Friday, October 14, 2005

Well... the morning thing was a bust.

And I don't mean heads and shoulders, nor am I talking about shampoo... I have the hardest times getting up inthe mornings. Every solution I find only seems to be temperary because I adapt and sleep through whatever alarm it is I set. Also, if I do wake up, I often talk myself into sleeping a few more minutes and well... a few minutes turn into a few hours and well... it's lunchtime before I know it.
I have been advised to go to bed earlier. This is a nice idea, but in practice, it doesn't work. I just sleep longer. My body would love to sleep ten or twleve hours a day if I let it. There is just something about high noon, though, and the grumble grumble of my stomach that gets me going.
It's been hot here lately, and I love sleeping in the heat. I also dread getting up in the cold.
The Bible says not to love sleep, nut it also says that God gives sleep to those He loves. Boy do I feel loved.

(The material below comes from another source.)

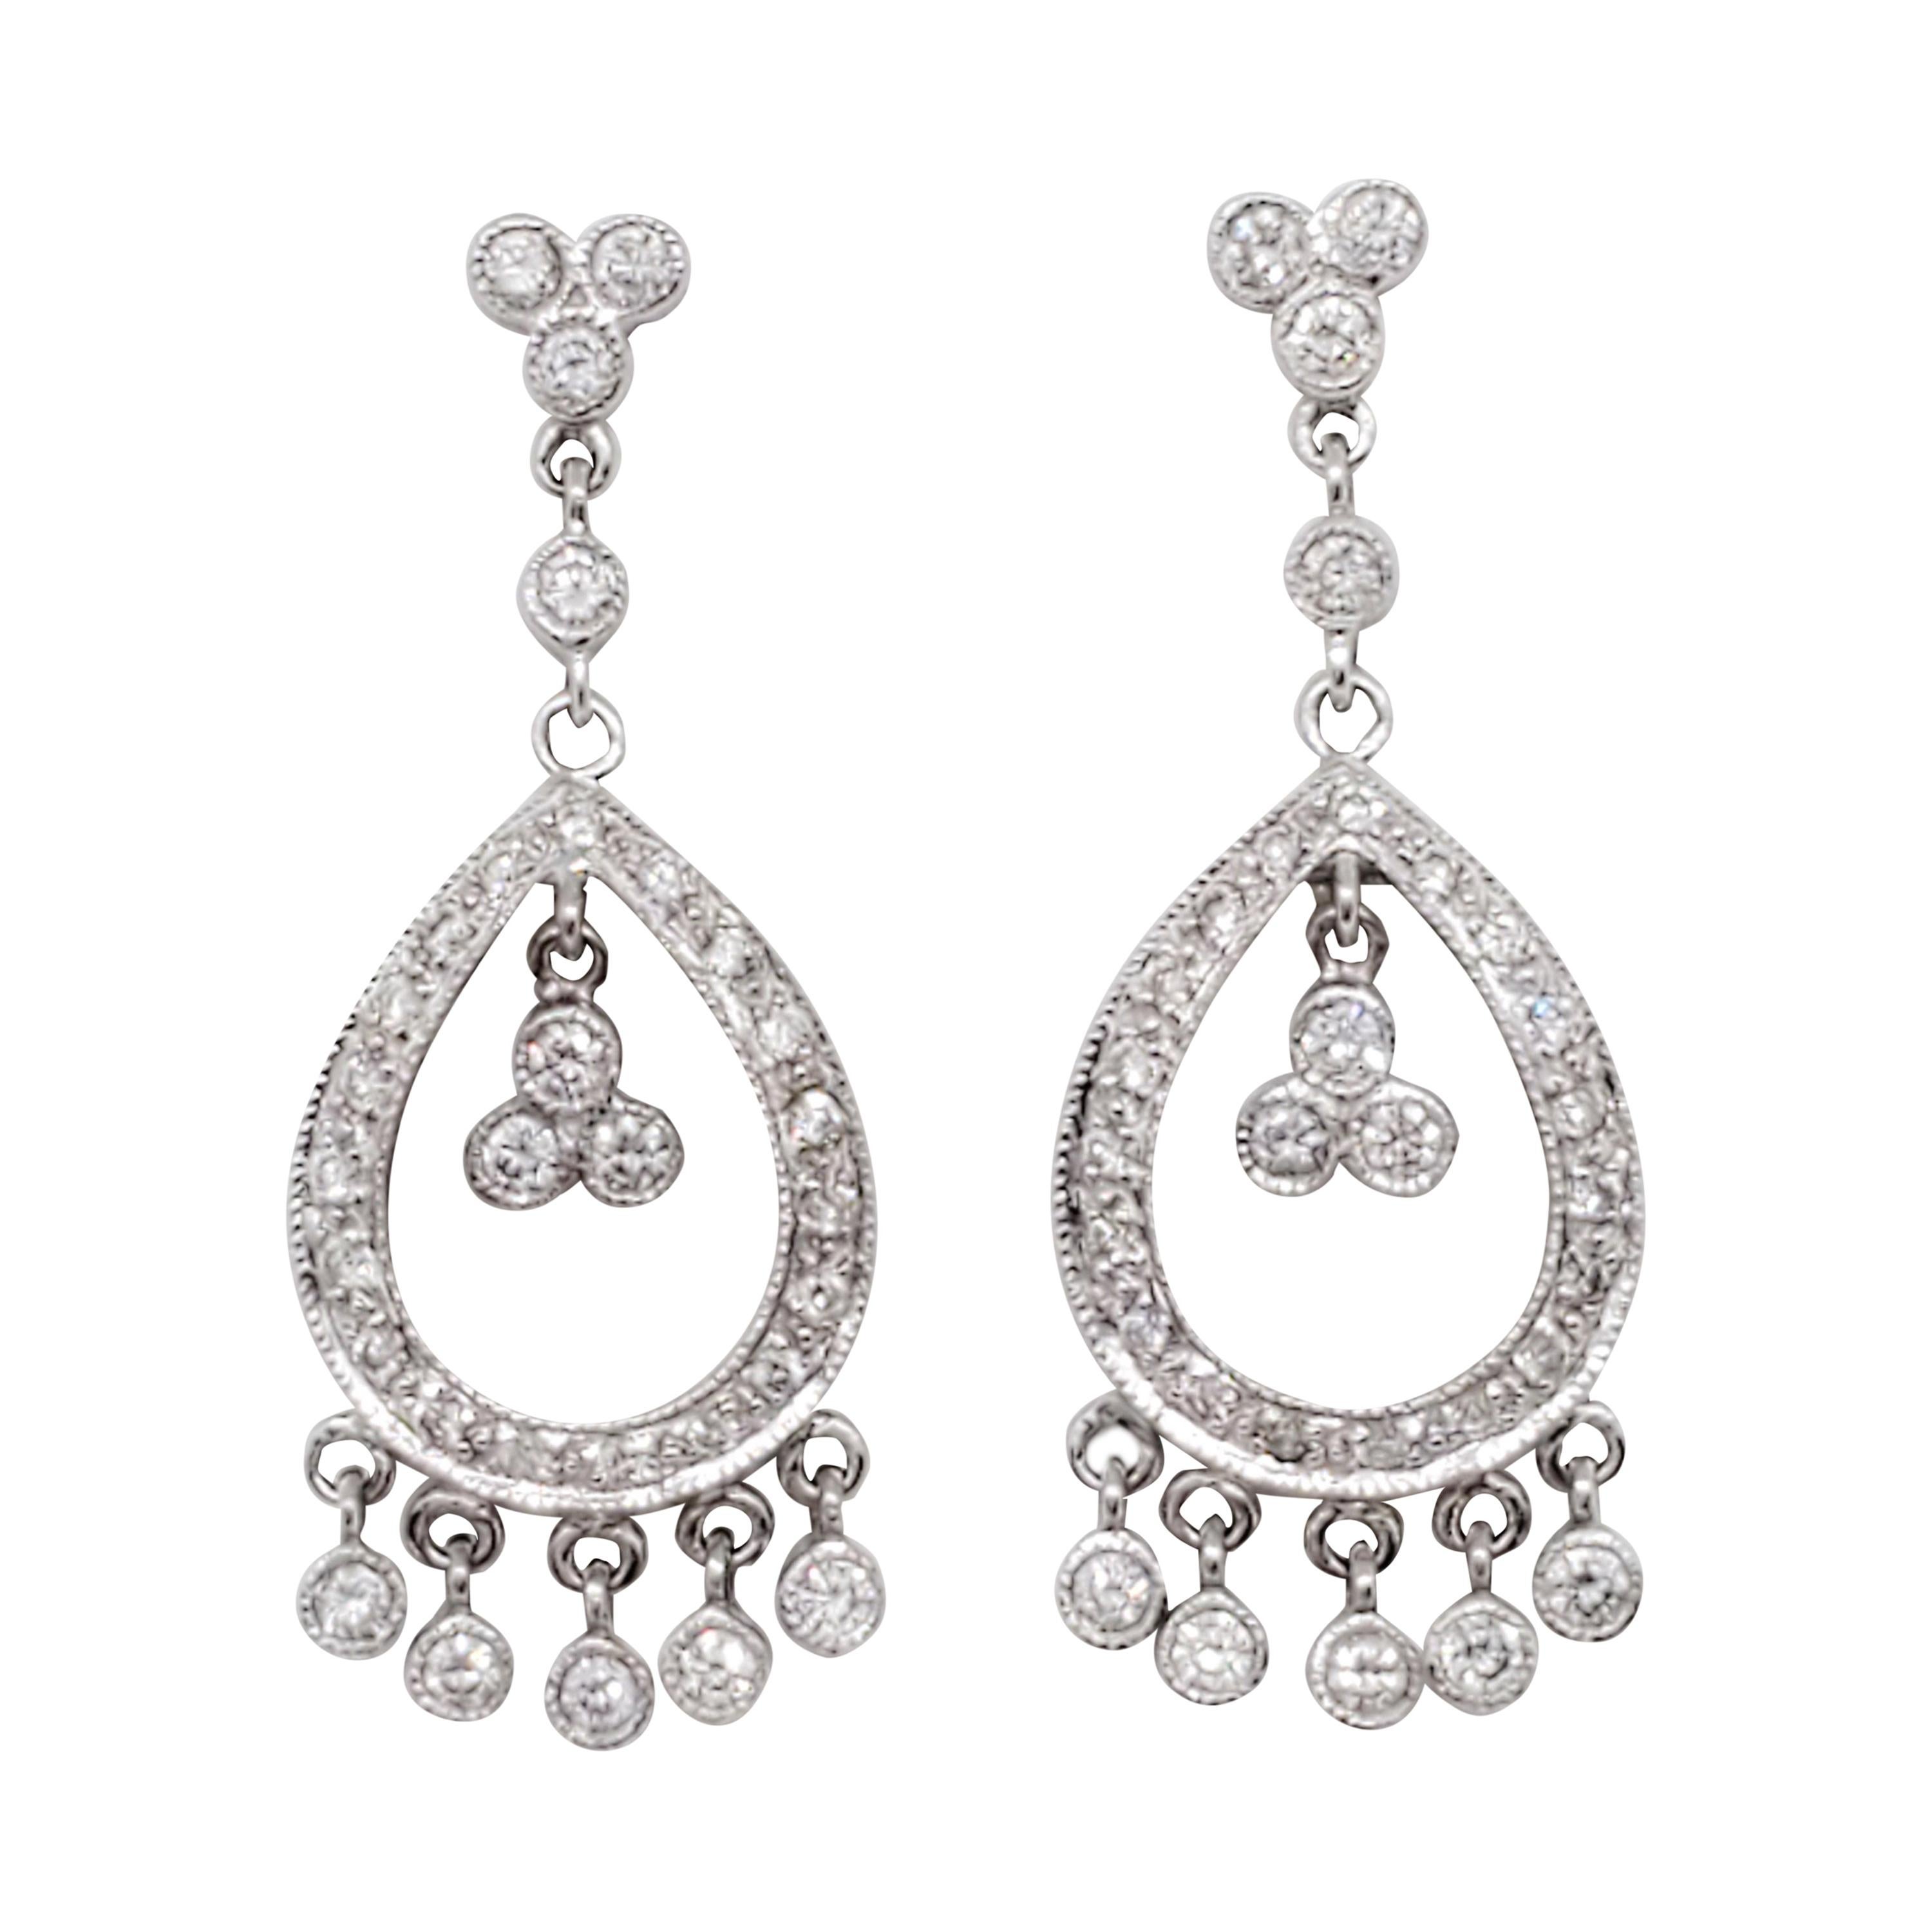 Estate White Diamond Chandelier Earrings in 18k White Gold

On another, sadder note, like an "F-flat" or something, a friend of mine is leaving me. Well... she's not just leaving me, she's leaving everyone fora job five hours away. She isn't leaving until Saturday, but her goodbye party was tonight and I don't expect to see her again before she leaves. I'm happy for her, and her new job sounds wonderful, and God has just laid everything out in front of her. We know it's His will... and I praise Him for that. I'll just miss her, that's all. We all will. The only ones who won't are going to be the other Softball teams in the league who won't have to go running after the balls she's hit or won't be out because she catches the ball at first.
For anyone who doesn't know me, it wasn't like we were dating or anything. We were just friends. On Tuesday, I was able to schedule myself in on hte long line of friends that she hung out with her last week here. She invited me to climb Bishop's Peak with her before we went to dinner. We went up fast and I was surprised that she pushed so hard. We had a good talk at the top about death (what else is there to talk about up there?) as we watched the clouds envelope San Luis Obispo and we watched the sun set behind the clouds. We saw deer and turkeys and squirrels and lizards and vultures. We almost ran down the entire mountain and had a big dinner. Then we watched a movie with some other friends. Shadowlands. She fell asleep on my floor, covered in a pink blanket with her glasses on.
So you might be sasking what my feelings are for her. Sasking is what people do when they ask questions already expecting a certain answer. Either that or they mispell the work asking. work... I mean word. My fingers are getting sleepy. So, about feelings... I don't know. I know what some people think I feel, and what they have been hinting at or use to be hinting at with the inflections of their voice. But I prayed about it and God has bigger plans for her. That was two years ago when I first met her.
Earlier, at the goodbye party, we were asked for first impressions. I couldn't remember at the time, but thining about it now, I remember sitting next to her in the cramped backseat of my friends car. It was winter and I was wearing a thick jacket, but even so, I could feel her breathing through the side. She was talking about how she likes guys who talk more. I didn't say a word. Not because I wanted to be on her bad side, I just couldn't think of anything to say that wasn't stupid and/or pointless.
I also remember her being impressed by some guy telling her the crazy stunts he's tried to pull before and hurt or almost hurt himself in the process. I was surprised that she was impressed. I wasn't. I also remember driving her and another girl home from a Bible Study, and listening to her explain how to listen to God to this other girl. That was awesome.
In conclusion, even if I was admitting feelings, which I'm not, because I'm a guy and according to page 352 of the manual, we don't have feelings because we're tough... yeah, tough... she is a very impressive girl in many ways, and no matter what I may or may not feel, I'm not enough.

2 comments:

james said...

...no, seriously

Jonathan Dow said...

James had a previous comment that was deleted because of language. Sorry James.